Marcel Pochet est né au fin fond des Ardennes belges, à Rochehaut sur Semois (Bouillon), le 12 août 1921. Après sa licence en sciences commerciales et coloniales (FUCAM – MONS), il est engagé comme fonctionnaire de l’administration de tutelle belge et envoyé au Rwanda. II fut administrateur à Ruhengeri (1948/1955), Kibungo (1955/1957) et Butare.
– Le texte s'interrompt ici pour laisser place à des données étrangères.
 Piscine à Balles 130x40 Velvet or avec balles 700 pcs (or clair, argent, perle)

Il a rejoint Nyanza comme Conseiller[1] du Mwami (roi) du Rwanda de 1958 à 1960. A son retour en Belgique, il est affecté au Ministère des Affaires étrangères et termine sa carrière comme Administrateur Général de la Coopération au Développement (AGCD).

Il prit sa retraite et s’installa dans sa maison à Bruxelles où il est décédé le 17 janvier 2013. Son inhumation a eu lieu le 24 janvier 2013 dans le cimetière de son village natal après une messe célébrée par l’Abbé Joseph Sagahutu en l’Eglise St Firmin de Rochehaut et qui avait réuni bon nombre de Rochehautois et de ressortissants de la région des Grands-Lacs africains (RDC, Rwanda, Burundi).
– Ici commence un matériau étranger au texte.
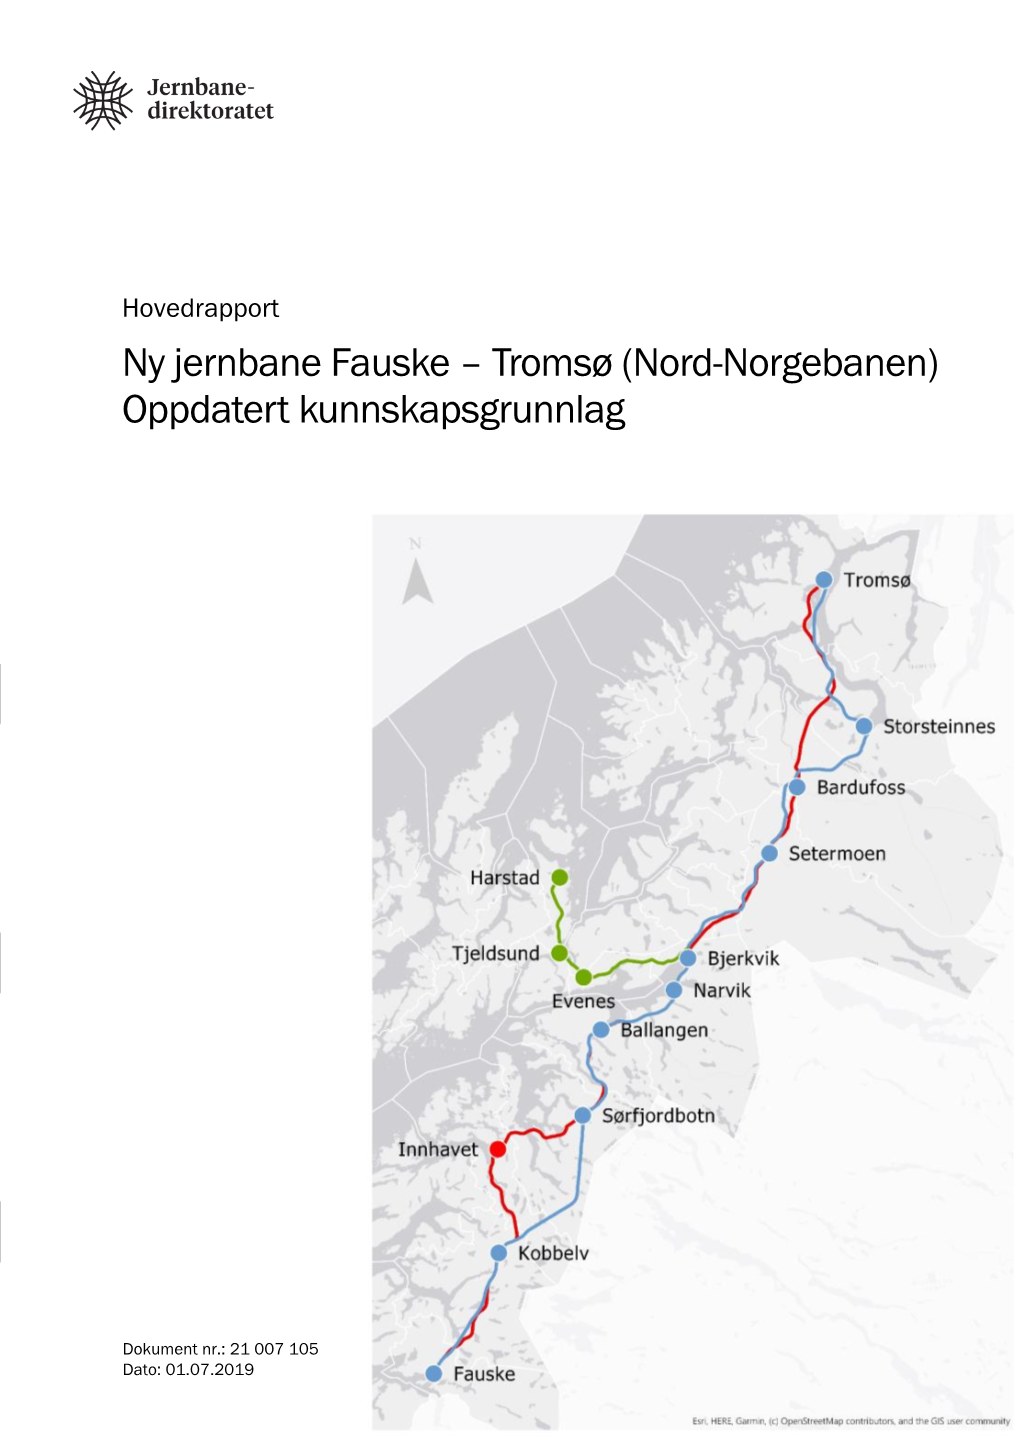 Tromsø (Nord-Norgebanen) Oppdatert Kunnskapsgrunnlag

La messe a été ponctuée de témoignages dont ceux de sa fille Christine, de ses collègues de travail et de l’ancien ambassadeur du Rwanda en Belgique, Ildefonse Munyeshyaka. Celui-ci a souligné que l’un des souvenirs qu’il garde de Mr Marcel Pochet est que, en tant que patron de l’AGCD, il a usé de son influence pour débloquer le dossier de cogestion de l’aide bilatérale accordée par la Belgique au Rwanda

L’une des dernières actions de Macel Pochet est la mise à la disposition du public de ses archives sur le Rwanda, rassemblées tout au long de sa carrière dans ce pays et intitulées « Rétrospective : le problème rwandais ». La présentation qu’il en a faite est éloquente :

« Rétrospective : le problème rwandais »[2] est constituée « de reproductions de mes archives d’Administrateur de Territoire au Ruanda de 1948 à 1962 et de Conseiller du Mwami en 1959, année charnière.
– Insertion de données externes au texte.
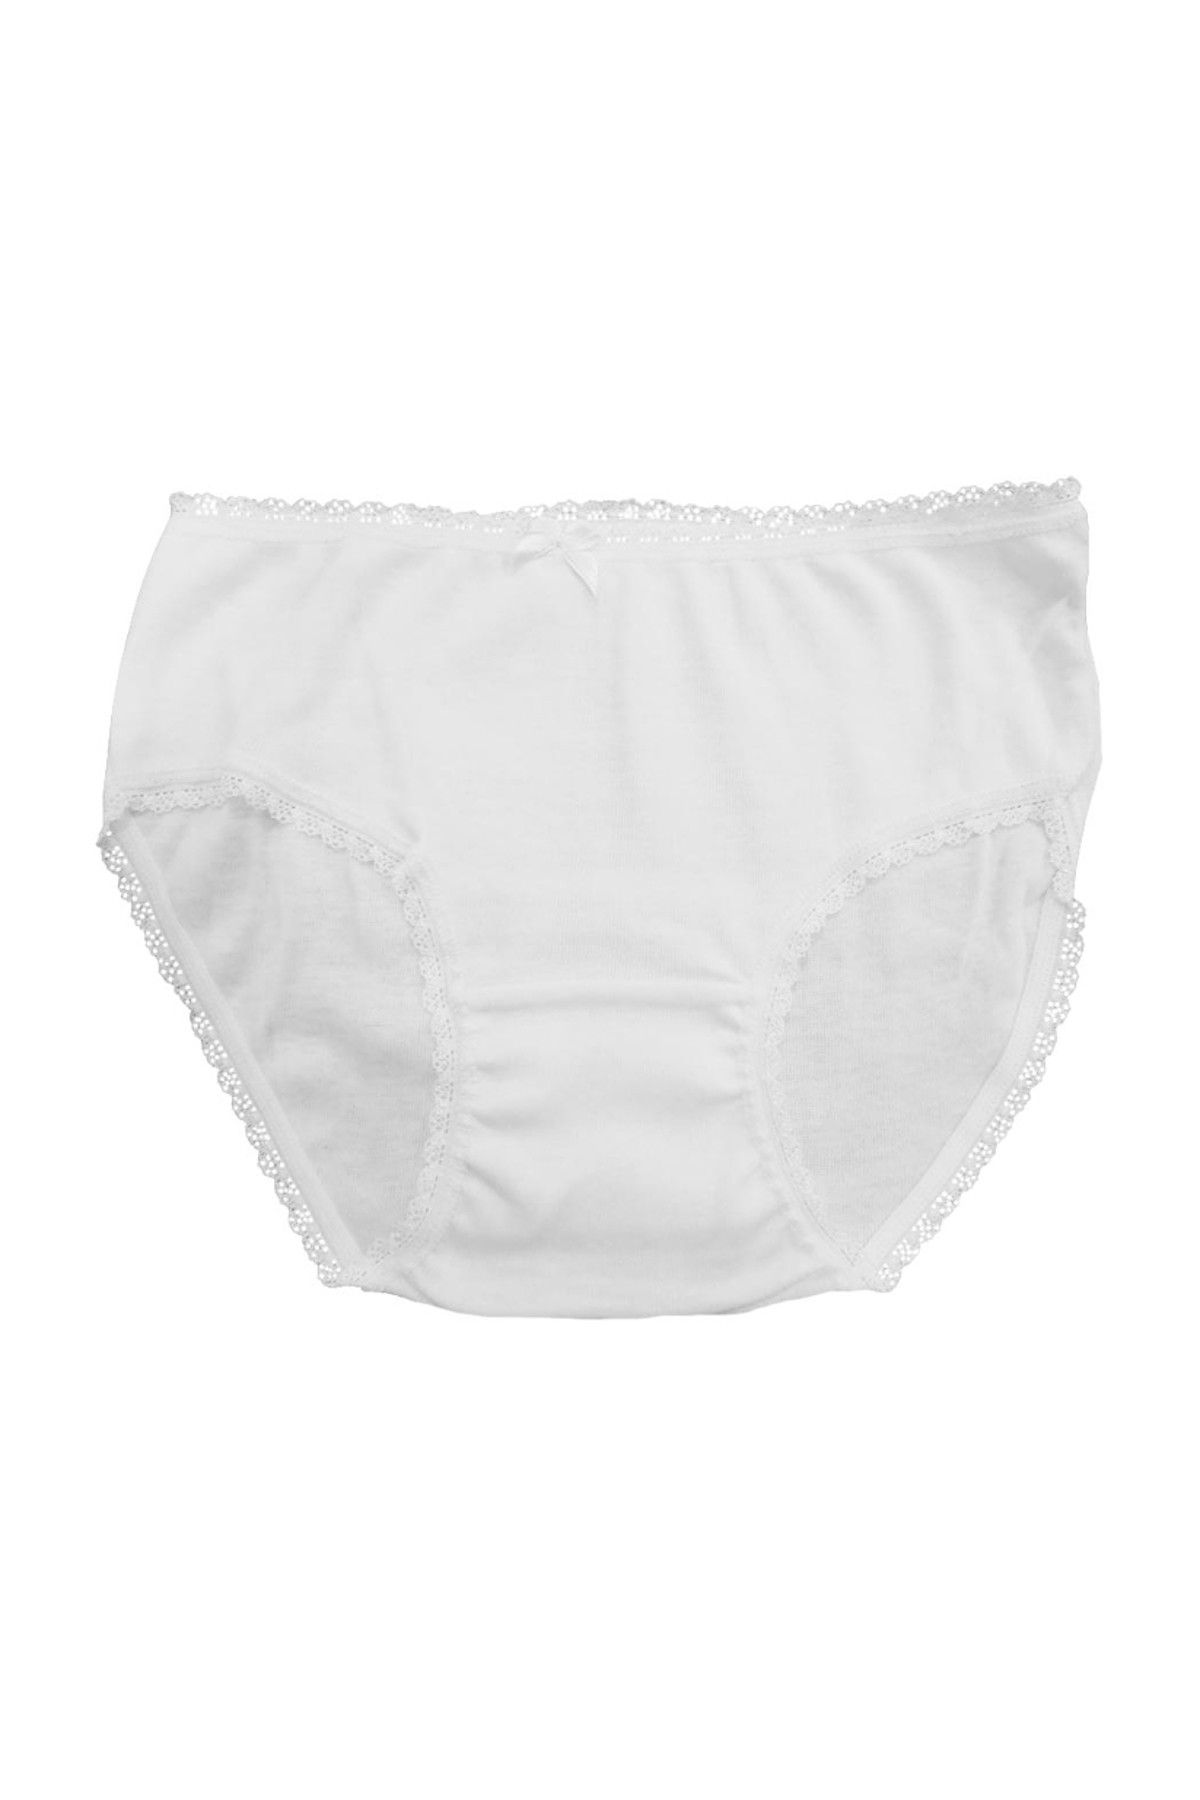 ÖZKAN underwear 1681 Kız Çocuk Külot

C’est ce passé cinquantenaire que fort modestement grâce à « Rétrospective », j’ai choisi de ramener au jour, à l’intention de ceux qui ne l’ont pas connu – en particulier les jeunes – et au motif que ceux-ci n’auront sans doute jamais l’occasion d’y avoir accès autrement.

Depuis des années, quand on entend parler du Rwanda ou qu’on cherche à s’informer à son sujet, chaque fois, inévitablement, surgissent des questions concernant les événements du printemps 1994, de leurs causes, circonstances et conséquences.

Comme si le Rwanda n’avait pas existé avant le règlement de compte politique général de 1994 dont tous les groupes ont souffert, surtout le groupe Hutu.

Comme si ce n’était pas dans leur passé dont on ne se souvient pas ou dont on ne veut pas se souvenir qu’on doit chercher les racines des désastres successifs qui ont saigné les milles collines et les Kivu voisins durant les décennies 1990 et 2010 (sans parler du Burundi – 1972).

Volontairement, ces reproductions sont présentées dans leur sécheresse et nudité, sans aide pour le lecteur, sans note explicative, ni commentaire.

A l’opposé des livres qu’on écrit à partir d’autres livres ou qui "racontent" ce qu’on a "raconté", sinon "soufflé", à leurs auteurs – et qui nourrissent abondamment des polémiques en égarant l’HISTOIRE -la présente rétrospective ne "raconte pas",… elle restitue.

Elle restitue, à l’authentique, les faits et gestes de l’époque concernée, à travers des textes d’acteurs – responsables politiques – et via des dossiers spécifiques qui leur sont consacrés.

"Rétrospective" se veut apolitique ; elle est indépendante des protagonistes de l’histoire; elle ne "roule" pour personne, mais n’a, non plus, personne à ménager.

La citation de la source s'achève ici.